Your instructions — Nothing outside the stretch is wanted. Repeat exactly the lines of the listing below from the one that contains "Juniors' Crochet Shortie" through the one that contains "Pin By Alison", both ends included.
== Segment start ==
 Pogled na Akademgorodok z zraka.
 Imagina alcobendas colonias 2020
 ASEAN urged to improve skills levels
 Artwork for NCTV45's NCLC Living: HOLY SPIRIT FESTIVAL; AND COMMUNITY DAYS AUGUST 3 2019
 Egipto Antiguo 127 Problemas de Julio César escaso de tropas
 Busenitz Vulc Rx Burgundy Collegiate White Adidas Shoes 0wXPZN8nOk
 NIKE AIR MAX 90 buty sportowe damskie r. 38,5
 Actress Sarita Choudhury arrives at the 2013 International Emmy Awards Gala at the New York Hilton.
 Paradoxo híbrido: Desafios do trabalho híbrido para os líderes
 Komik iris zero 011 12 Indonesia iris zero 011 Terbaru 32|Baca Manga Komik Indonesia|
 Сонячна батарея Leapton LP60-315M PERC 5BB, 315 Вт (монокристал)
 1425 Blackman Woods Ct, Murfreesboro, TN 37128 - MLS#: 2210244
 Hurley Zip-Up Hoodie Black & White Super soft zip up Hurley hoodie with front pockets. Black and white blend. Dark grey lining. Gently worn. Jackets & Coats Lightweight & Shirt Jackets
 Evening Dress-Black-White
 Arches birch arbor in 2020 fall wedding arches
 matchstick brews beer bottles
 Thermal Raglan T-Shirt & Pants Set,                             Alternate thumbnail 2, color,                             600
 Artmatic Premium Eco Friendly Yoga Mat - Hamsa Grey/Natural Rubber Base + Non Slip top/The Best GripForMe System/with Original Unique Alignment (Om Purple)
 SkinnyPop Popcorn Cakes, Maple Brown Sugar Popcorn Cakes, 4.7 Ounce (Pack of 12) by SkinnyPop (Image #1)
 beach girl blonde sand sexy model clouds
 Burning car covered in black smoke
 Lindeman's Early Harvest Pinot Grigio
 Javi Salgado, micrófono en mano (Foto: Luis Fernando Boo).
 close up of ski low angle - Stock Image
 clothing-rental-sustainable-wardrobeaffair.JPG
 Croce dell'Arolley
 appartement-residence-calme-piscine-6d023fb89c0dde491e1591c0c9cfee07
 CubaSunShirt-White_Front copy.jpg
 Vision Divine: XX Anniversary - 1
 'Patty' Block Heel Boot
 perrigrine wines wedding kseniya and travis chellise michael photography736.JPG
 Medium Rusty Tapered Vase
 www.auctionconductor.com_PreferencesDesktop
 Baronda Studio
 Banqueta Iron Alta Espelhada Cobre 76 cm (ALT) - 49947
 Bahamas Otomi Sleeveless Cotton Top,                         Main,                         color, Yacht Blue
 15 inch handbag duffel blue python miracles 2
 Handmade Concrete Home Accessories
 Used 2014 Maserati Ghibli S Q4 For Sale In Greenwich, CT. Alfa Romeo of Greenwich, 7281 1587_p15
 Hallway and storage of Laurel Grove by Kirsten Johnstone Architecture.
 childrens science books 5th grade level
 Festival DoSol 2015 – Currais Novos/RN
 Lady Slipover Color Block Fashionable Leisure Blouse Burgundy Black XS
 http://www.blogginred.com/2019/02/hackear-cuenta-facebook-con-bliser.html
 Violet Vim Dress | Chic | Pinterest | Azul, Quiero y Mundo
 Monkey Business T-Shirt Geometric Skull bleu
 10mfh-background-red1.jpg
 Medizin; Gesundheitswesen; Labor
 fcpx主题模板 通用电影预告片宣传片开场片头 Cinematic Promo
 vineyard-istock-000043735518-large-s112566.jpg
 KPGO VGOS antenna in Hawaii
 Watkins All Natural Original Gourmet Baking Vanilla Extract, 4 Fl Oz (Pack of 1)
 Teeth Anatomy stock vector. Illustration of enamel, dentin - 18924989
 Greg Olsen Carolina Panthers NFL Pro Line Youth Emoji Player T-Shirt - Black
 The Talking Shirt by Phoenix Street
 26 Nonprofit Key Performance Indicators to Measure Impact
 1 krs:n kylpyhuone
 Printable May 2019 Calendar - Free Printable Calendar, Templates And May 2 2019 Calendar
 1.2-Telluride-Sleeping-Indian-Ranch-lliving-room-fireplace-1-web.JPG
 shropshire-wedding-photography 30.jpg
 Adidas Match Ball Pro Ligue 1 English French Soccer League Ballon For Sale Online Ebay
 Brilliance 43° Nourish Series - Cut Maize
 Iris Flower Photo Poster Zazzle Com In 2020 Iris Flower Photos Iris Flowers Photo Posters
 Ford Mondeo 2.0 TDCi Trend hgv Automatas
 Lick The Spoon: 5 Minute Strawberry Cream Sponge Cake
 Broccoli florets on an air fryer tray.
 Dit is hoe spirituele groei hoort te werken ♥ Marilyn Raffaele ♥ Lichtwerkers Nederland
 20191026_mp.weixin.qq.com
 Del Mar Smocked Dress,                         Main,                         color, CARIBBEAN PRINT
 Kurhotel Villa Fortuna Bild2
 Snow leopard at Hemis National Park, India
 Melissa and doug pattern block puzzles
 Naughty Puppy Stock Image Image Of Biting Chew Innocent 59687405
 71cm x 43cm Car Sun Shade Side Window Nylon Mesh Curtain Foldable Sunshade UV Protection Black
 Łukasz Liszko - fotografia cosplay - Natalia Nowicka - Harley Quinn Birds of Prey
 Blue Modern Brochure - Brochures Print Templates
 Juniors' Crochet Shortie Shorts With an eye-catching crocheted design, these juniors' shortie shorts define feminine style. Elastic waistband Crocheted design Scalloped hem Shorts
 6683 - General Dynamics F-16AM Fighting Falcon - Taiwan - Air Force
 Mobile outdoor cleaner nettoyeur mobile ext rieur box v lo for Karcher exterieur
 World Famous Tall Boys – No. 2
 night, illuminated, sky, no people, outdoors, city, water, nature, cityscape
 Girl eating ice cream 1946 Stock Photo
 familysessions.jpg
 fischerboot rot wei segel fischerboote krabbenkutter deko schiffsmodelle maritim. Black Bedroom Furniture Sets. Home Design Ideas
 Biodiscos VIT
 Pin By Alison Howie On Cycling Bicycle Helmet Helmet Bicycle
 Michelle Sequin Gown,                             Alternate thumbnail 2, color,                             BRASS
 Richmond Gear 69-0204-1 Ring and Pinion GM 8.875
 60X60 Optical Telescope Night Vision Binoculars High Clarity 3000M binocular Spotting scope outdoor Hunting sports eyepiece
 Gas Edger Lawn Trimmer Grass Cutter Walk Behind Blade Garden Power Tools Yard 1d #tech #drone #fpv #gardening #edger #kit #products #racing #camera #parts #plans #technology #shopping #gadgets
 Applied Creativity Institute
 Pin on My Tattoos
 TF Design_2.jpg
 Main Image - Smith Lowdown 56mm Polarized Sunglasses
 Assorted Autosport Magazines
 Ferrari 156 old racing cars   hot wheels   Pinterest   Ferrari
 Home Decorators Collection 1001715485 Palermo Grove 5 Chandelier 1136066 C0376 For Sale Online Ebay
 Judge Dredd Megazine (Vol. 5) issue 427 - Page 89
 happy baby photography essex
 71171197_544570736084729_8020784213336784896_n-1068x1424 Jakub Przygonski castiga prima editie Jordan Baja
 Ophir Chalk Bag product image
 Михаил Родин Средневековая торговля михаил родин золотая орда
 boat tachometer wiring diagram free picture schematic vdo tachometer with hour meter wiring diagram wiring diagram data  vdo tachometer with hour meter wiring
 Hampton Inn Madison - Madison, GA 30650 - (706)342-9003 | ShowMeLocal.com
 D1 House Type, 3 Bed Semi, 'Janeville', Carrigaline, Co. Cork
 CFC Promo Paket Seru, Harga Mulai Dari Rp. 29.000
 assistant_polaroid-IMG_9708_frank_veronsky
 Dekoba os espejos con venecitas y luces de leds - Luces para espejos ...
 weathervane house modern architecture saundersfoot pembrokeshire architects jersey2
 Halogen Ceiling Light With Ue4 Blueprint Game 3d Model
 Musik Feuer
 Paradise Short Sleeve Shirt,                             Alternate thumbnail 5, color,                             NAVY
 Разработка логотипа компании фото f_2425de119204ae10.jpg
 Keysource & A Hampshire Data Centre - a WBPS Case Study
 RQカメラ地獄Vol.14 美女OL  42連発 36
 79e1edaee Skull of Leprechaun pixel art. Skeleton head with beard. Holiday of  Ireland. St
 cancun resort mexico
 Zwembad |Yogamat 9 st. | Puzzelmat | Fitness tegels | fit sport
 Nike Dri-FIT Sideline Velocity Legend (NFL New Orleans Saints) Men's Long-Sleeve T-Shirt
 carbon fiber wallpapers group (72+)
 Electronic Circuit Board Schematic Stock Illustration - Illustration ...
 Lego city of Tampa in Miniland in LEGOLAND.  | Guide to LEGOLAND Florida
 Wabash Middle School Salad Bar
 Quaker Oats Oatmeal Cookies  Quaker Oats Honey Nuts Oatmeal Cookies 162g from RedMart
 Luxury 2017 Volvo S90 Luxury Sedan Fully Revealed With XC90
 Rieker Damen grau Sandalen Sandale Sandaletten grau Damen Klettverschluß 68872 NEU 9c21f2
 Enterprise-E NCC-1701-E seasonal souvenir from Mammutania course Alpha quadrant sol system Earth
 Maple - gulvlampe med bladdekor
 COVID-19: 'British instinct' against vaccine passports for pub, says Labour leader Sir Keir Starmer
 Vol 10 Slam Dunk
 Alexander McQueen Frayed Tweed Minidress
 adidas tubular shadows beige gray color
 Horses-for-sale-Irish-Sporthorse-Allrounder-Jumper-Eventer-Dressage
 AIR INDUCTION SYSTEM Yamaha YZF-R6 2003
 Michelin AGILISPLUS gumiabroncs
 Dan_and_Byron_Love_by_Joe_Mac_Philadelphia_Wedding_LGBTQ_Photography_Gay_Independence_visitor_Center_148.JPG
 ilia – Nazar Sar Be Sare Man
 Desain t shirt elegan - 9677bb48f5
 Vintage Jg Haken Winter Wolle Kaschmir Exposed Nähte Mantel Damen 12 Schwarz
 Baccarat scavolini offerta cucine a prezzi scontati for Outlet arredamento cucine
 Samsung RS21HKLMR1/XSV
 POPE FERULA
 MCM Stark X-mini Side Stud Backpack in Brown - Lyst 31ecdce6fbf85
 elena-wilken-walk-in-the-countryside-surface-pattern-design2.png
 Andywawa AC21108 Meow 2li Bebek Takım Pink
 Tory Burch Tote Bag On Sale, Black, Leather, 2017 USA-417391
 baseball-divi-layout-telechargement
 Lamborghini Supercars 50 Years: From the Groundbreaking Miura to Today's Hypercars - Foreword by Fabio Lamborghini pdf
== Segment end ==
Result for this task —
 Juniors' Crochet Shortie Shorts With an eye-catching crocheted design, these juniors' shortie shorts define feminine style. Elastic waistband Crocheted design Scalloped hem Shorts
 6683 - General Dynamics F-16AM Fighting Falcon - Taiwan - Air Force
 Mobile outdoor cleaner nettoyeur mobile ext rieur box v lo for Karcher exterieur
 World Famous Tall Boys – No. 2
 night, illuminated, sky, no people, outdoors, city, water, nature, cityscape
 Girl eating ice cream 1946 Stock Photo
 familysessions.jpg
 fischerboot rot wei segel fischerboote krabbenkutter deko schiffsmodelle maritim. Black Bedroom Furniture Sets. Home Design Ideas
 Biodiscos VIT
 Pin By Alison Howie On Cycling Bicycle Helmet Helmet Bicycle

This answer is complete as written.